Après le virtuose Carnage où s’affrontaient deux couples de bobos au bord de la crise de nerfs dans un appartement newyorkais, Roman Polanski privilégie à nouveau le huis-clos avec La Vénus à la fourrure. Son dernier film fondé sur la mise en abyme, est adapté de la pièce éponyme de David Ives, elle-même inspirée du roman de Leopold von Sacher-Masoch.
Sur une musique d’Alexandre Desplat, l’intrigue se déroule dans un théâtre parisien désert que Thomas, fatigué d’auditionner de mauvaises comédiennes s’apprête à quitter, quand l’en empêche Vanda, soudain surgie tel un ouragan.
Arrivée en retard, trempée comme une soupe, trop maquillée, délurée, grossière, elle incarne tout ce que Thomas, intello misogyne, déteste.
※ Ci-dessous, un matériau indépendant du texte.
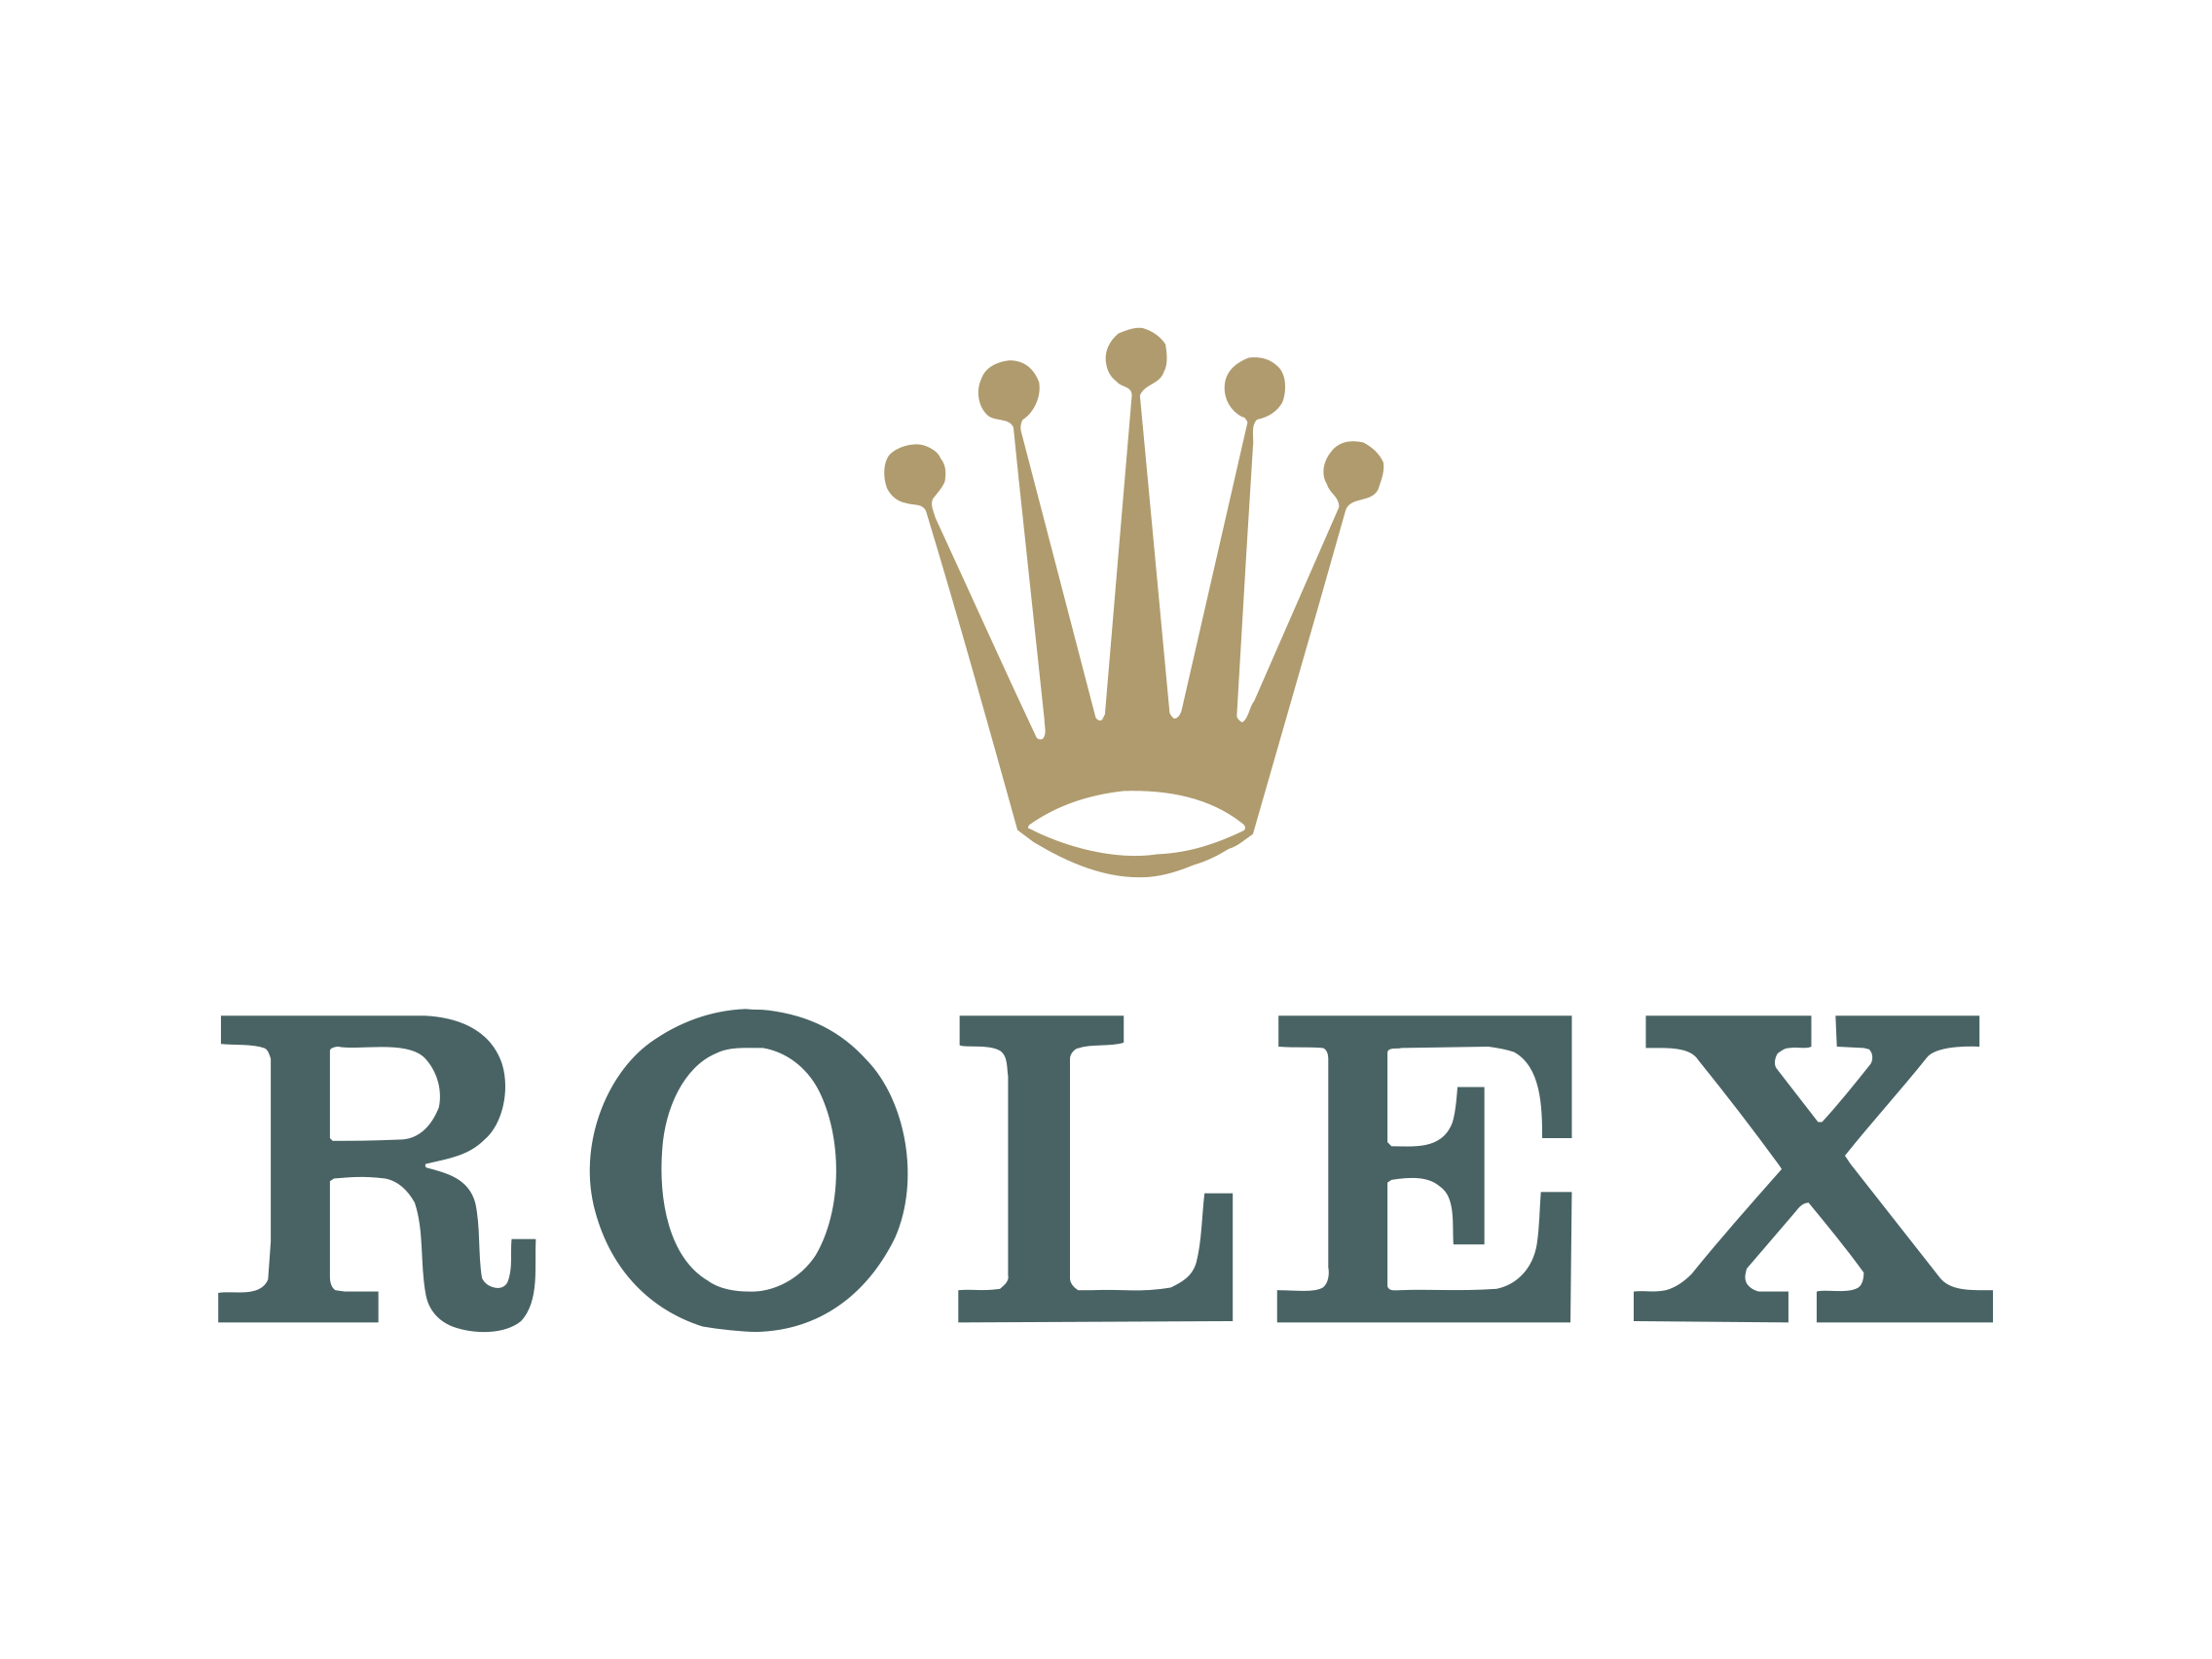 The rolex logo with a modern twist on Craiyon

En bref une grosse erreur de casting pour le caractère principal qu'il recherche. Mais Thomas, séduit malgré lui, la laisse pourtant tenter sa chance. Et comme prévu on découvre petit à petit qu'il ne faut surtout pas se fier aux apparences, Vanda se métamorphosant sous ses yeux et les nôtres en une femme très cultivée.
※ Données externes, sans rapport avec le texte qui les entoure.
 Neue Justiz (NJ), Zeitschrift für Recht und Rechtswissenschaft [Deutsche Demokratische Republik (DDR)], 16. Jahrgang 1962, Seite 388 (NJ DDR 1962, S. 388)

Non seulement, elle connaît les grands auteurs, mais saisit parfaitement le personnage qu’on lui demande d’interpréter et sait son texte sur le bout des doigts. Complètement tourneboulé, Thomas passe de l’attraction à l’obsession. Sinon à la sidération. D’autant que la créature aux faux airs de marchande de poisson révèle un corps de rêve.
Une réflexion sur le pouvoir
Avec ce face à face sadomaso à la fois sulfureux, drôle souvent jubilatoire où les rapports de force s’inversent, Polanski le manipulateur propose une réflexion sur le pouvoir. Au départ c’est le metteur en scène hautain qui le détient, mais au fur et à mesure de l’intrigue, c’est la comédienne, d’abord humiliée, qui le prend. Avec une jouissance en forme de petite revanche sur la vraie vie pour Emmanuelle Seigner (photo) qui partage l’affiche avec Mathieu Amalric. Et qui lançait à Cannes où le film figurait en compétition: "Le sadomasochisme je connais, je travaille au théâtre! ".
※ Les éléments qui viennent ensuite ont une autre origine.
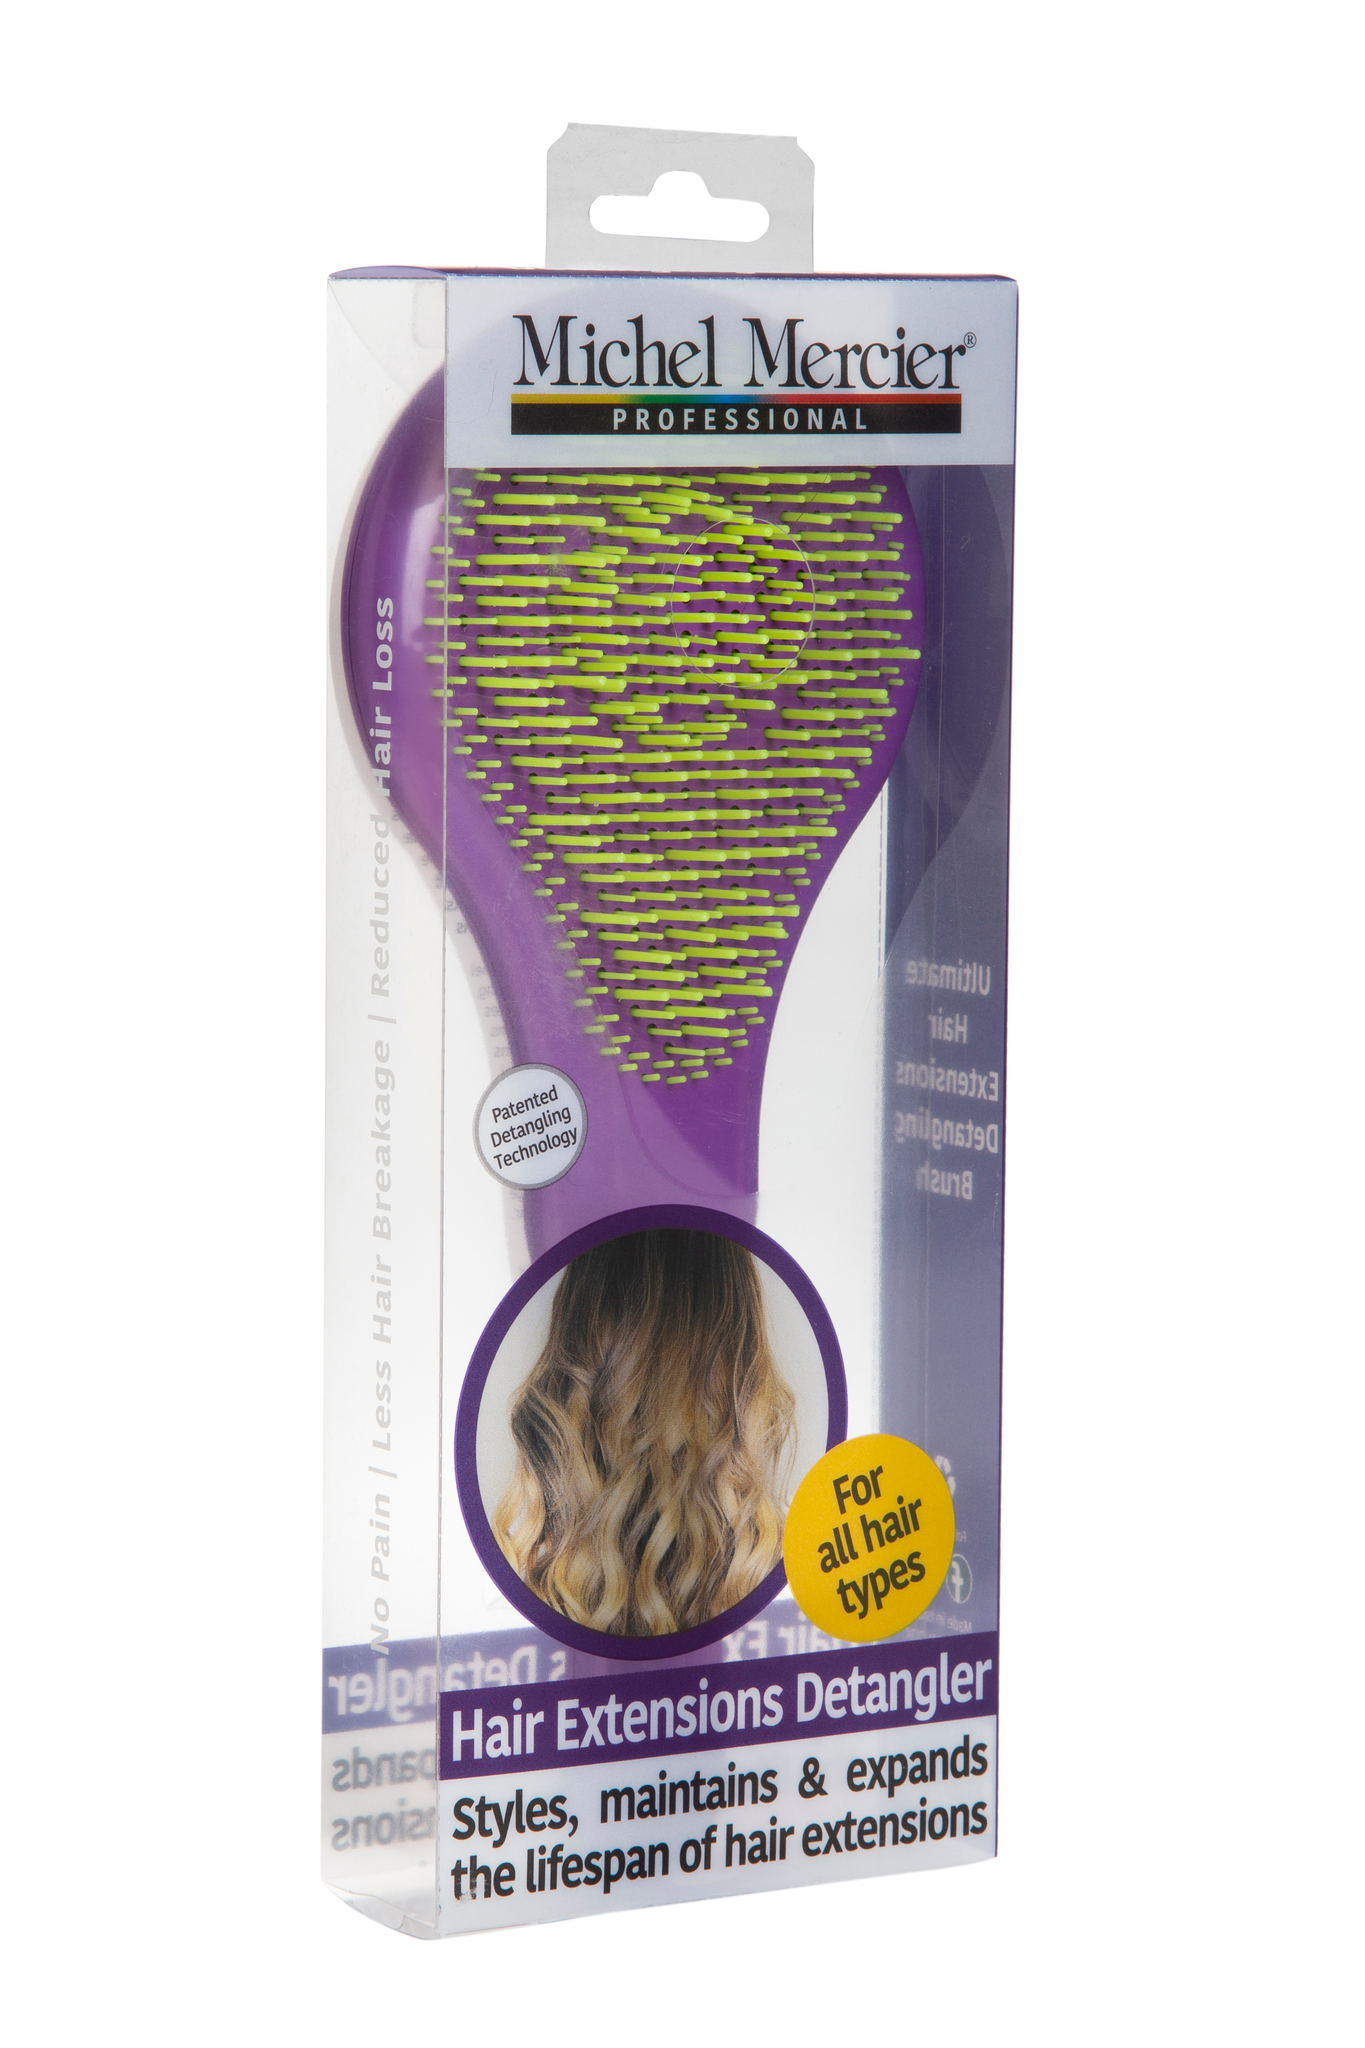 MICHAEL MERCIER Selvitysharja normaali hiuksille & hiustenpidennyksille

Et puisqu’on parle des protagonistes, le réalisateur leur doit évidemment la réussite de cette relecture critique et féministe au dispositif brillant et à la mise en scène impeccable. Excellente, Emmanuelle Seigner est craquante avec sa façon unique de passer de la plus grande vulgarité à la sensualité torride.
Offrant une grande ressemblance physique avec Polanski, Mathieu Amalric est parfait dans son rôle de metteur en scène énervé et d’une rare prétention, passant à l’insu de son plein gré du dominant au dominé.
Film à l’affiche dans les salles romandes dès mercredi 27 novembre.